I traveled around the Naches peak trail until I came to the small lake on the eastern backside. From there I climbed up the steep open slope to the ridge line on the south side of the peak. There is a small, unofficial path that people have made over the years that goes a bit higher and then stops. There is a rock pile that people add to when they get to this point. From there I traversed north across the open face to a small spine on the north-eastern side of the peak. This is a very steep area and the dangers of falling are high. From that point I had to essentially maintain three points of contact as I slowly crossed a rockface. This is an area where if you fall, you die. The rock isn’t very good and trying to place climbing anchors is sketchy at best. Once I crossed the rock face I slowly followed the cliffs farther around to the north where there was enough of a “ramp” that I was able to climb up. Again, this was a certain death area where if you fall, you die. I was very concerned about being able to down climb but decided to try it anyway. The rock was good enough that I could smear my boot soles and get good grip but had to be very careful because there was so much sand, dirt, and loose pebbles.

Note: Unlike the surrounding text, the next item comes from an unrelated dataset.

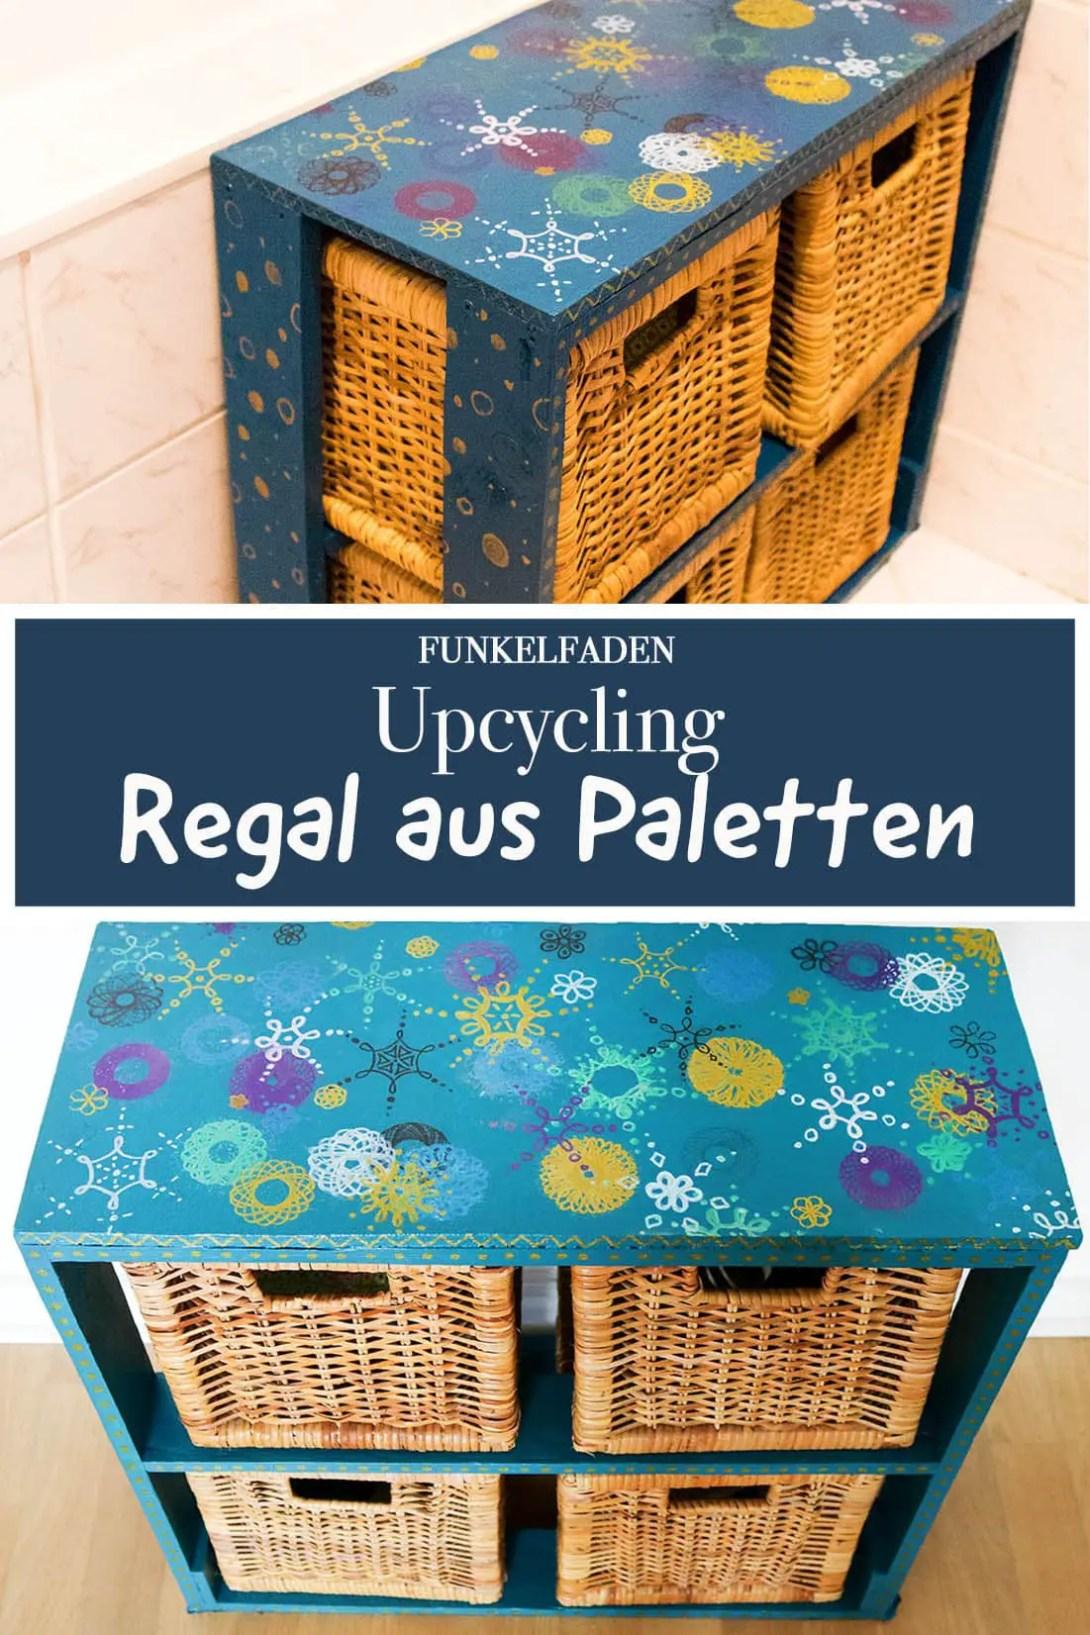 Upcycling Regal aus Paletten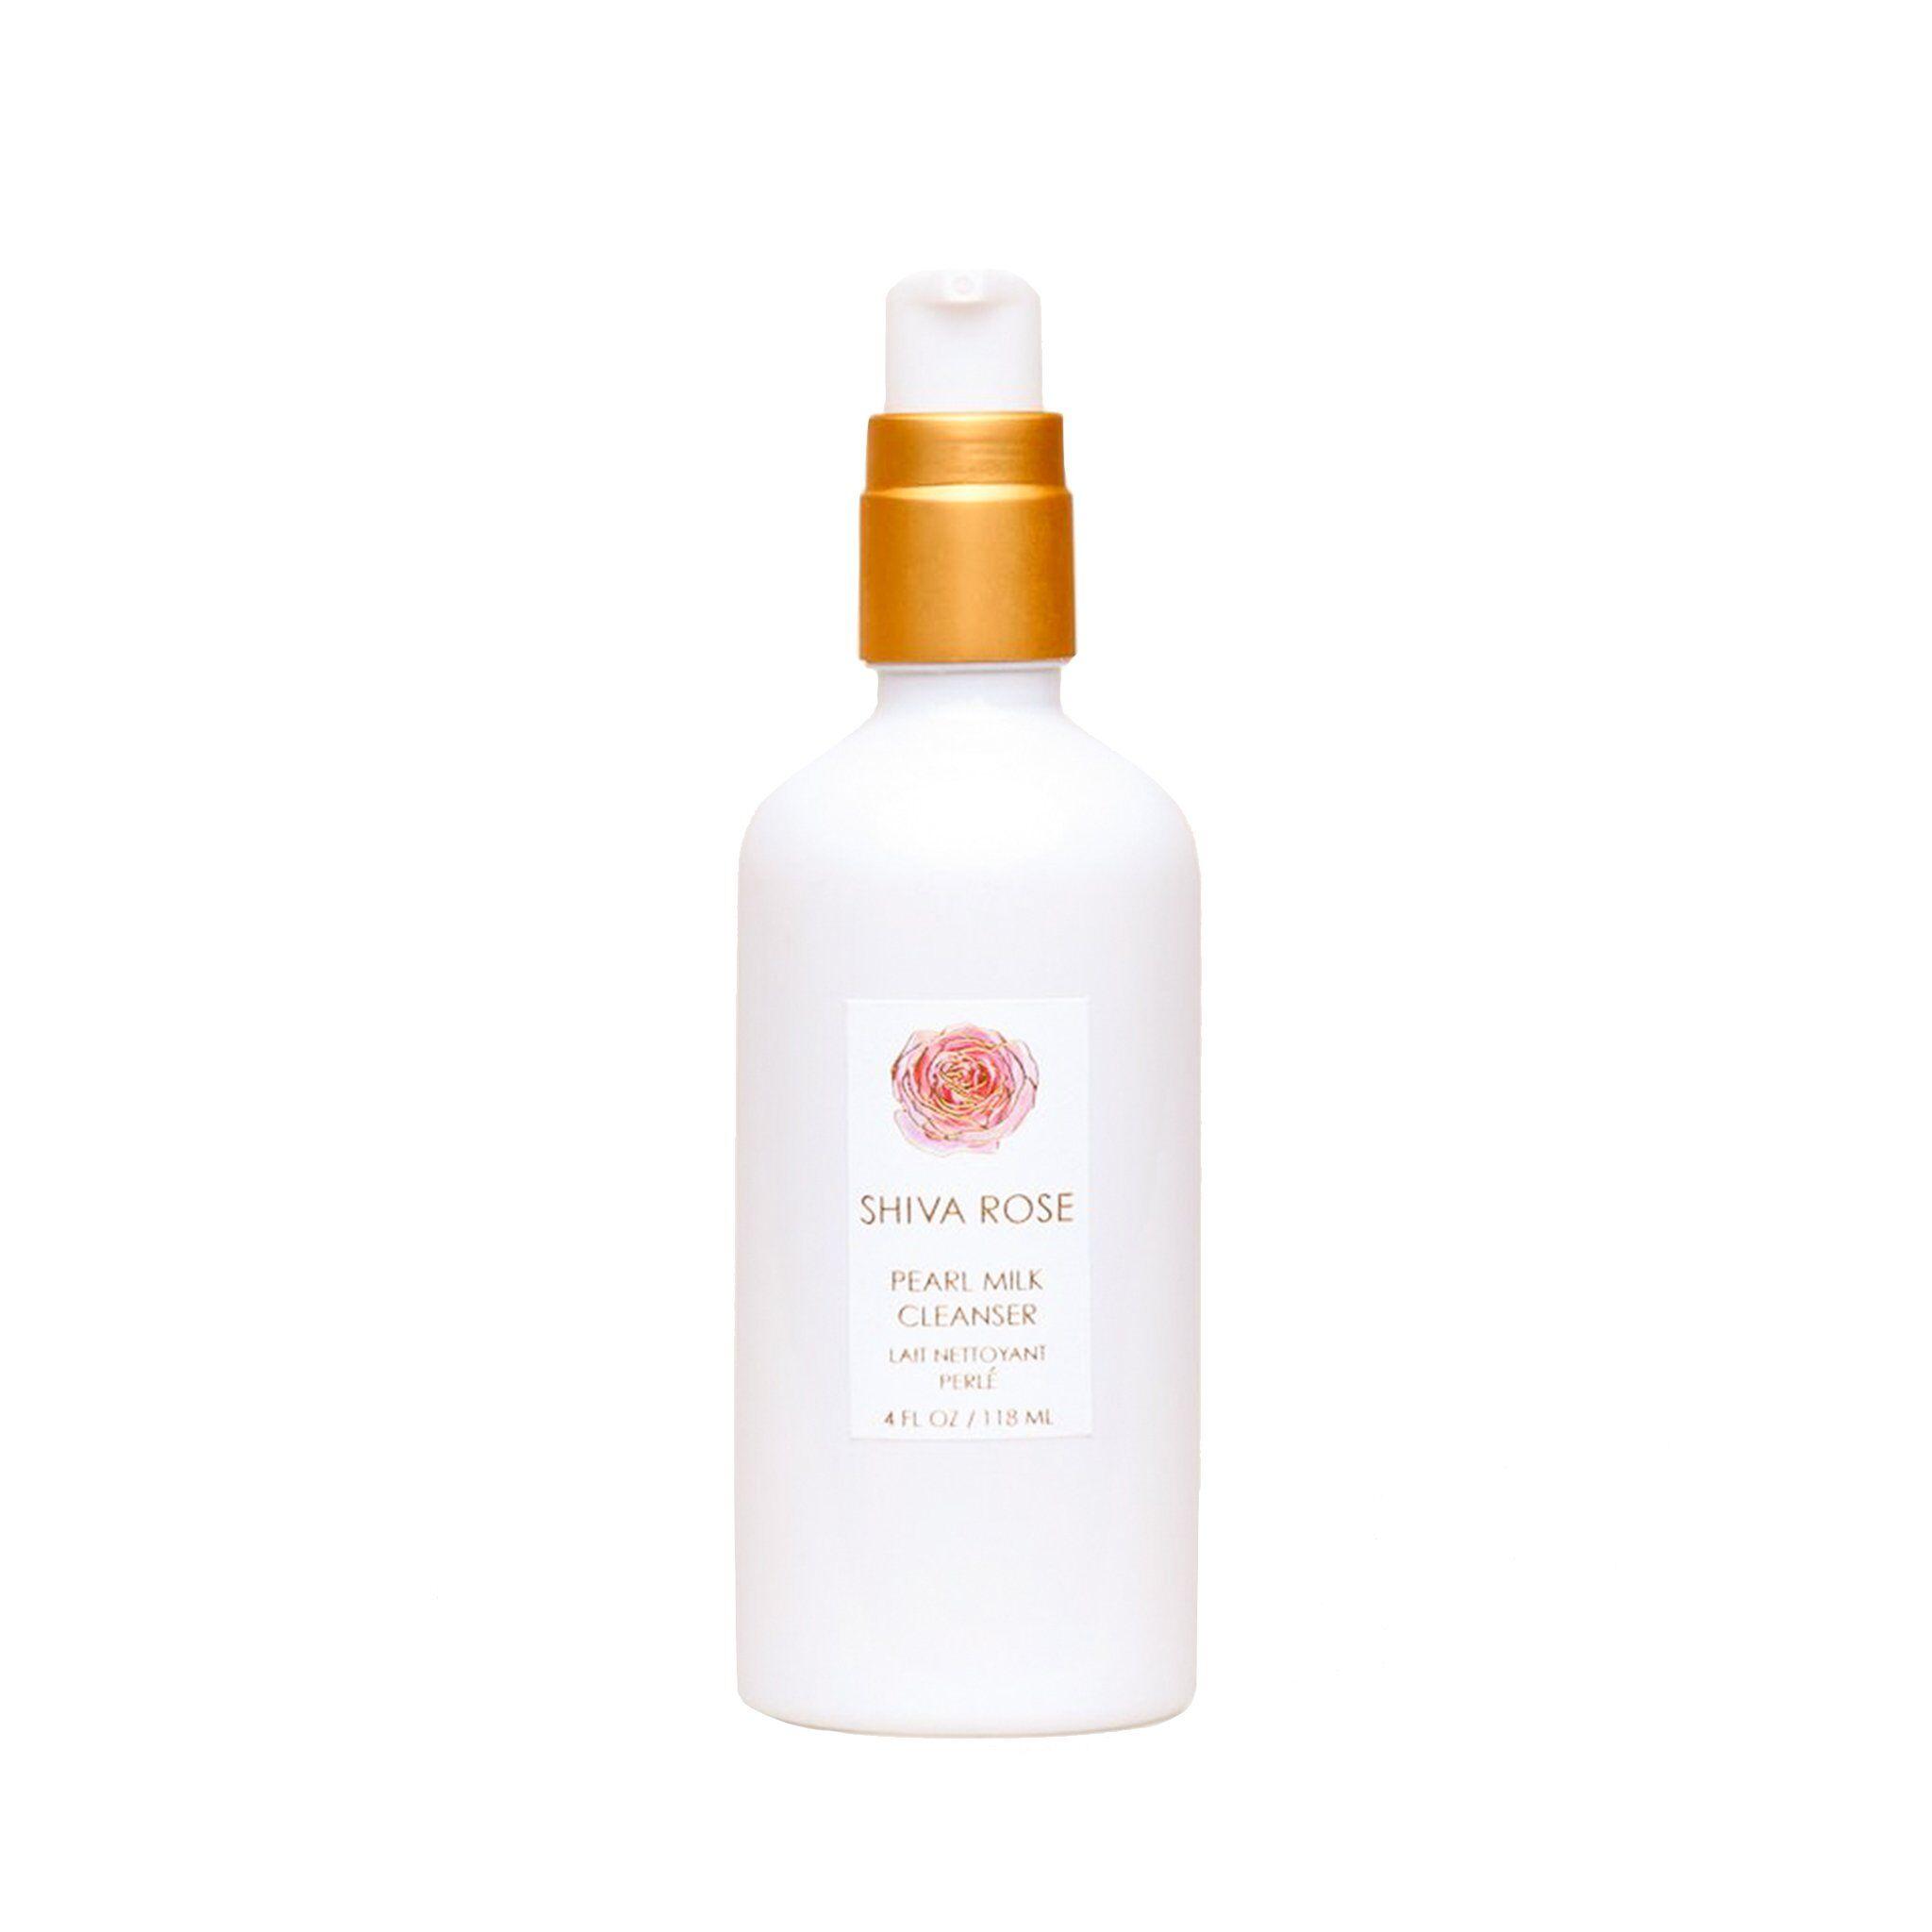 Shiva Rose - Pearl Milk Cleanser by Shiva Rose

Once through the ramp area, it was a fairly easy scramble to the very top. Be cautious when approaching though because there were several large colonies of flying red ants on top and if they decide to attack, there’s no place to run. I carefully moved to the very northern end of the rocks and had a wonderful 360 view of the cascades while I ate lunch.
The down climb seemed easier than climbing up and I made my way straight down through the avalanche field instead of following my ascent rout. The dirt and rocks were surprisingly firm to walk on and I just had to be very careful not to go too fast and fall. If you fall in this area, you probably won’t die but you will be severely injured. I slowly traversed back south-east and ended coming out back on the trail at the same place I started. Then I soaked my feet in the small lake and hiked back to my truck.
I would recommend having a climbing partner, rope, and a means to anchor a belayer so that if you do fall while climbing up the ramp at the top, you’ll only fall 20’-30’ instead of several hundred. It only took me two hours from the time I left my truck to being on top of the peak. Watch out for mountain goats. They’re there.